During analysis of the results, it is noticed that the same accuracy was obtained by sets K and L of Session I for the Normal + Scarf occlusion i.e. 100% while Set M has 98% accuracy. Along the same lines, in Session II, sets X and Y achieved higher accuracy values i.e. 100%, and set Z received a 98% accuracy value. However, in normal+both eyes+scarf, the obtained results show that for Session I set K received a higher accuracy value i.e. 100%, and set M received a lower accuracy value i.e. 96%. For Session II, set X received 100% accuracy whereas set Z received lower accuracy i.e. 96%. The reason for the decline in accuracy for (normal+both eyes+scarf) is the presence of occluded images of sunglasses.

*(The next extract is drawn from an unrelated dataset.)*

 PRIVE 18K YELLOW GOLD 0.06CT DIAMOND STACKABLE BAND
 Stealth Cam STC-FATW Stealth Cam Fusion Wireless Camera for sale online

4.4 Misclassification results

Table 6 illustrates the misclassification with the subsets having facial images with sunglasses and scarf occlusion. For the sunglasses, the results indicate that in most of the subsets, the classification rate is less than 100% and higher than 90%. However, the V and W set to show the highest misclassification of 5% and 9% respectively. The reason for more classification is due to more exposure to light illumination and occlusion in terms of sunglasses. For the scarf occlusion, the results indicate that in most of the subsets, the classification rate is 100%. However, the M and Z sets show misclassification of 2% and 3% respectively. The misclassification results for local region-based augmentation techniques with scarf, sunglasses, and scarf+ sunglasses.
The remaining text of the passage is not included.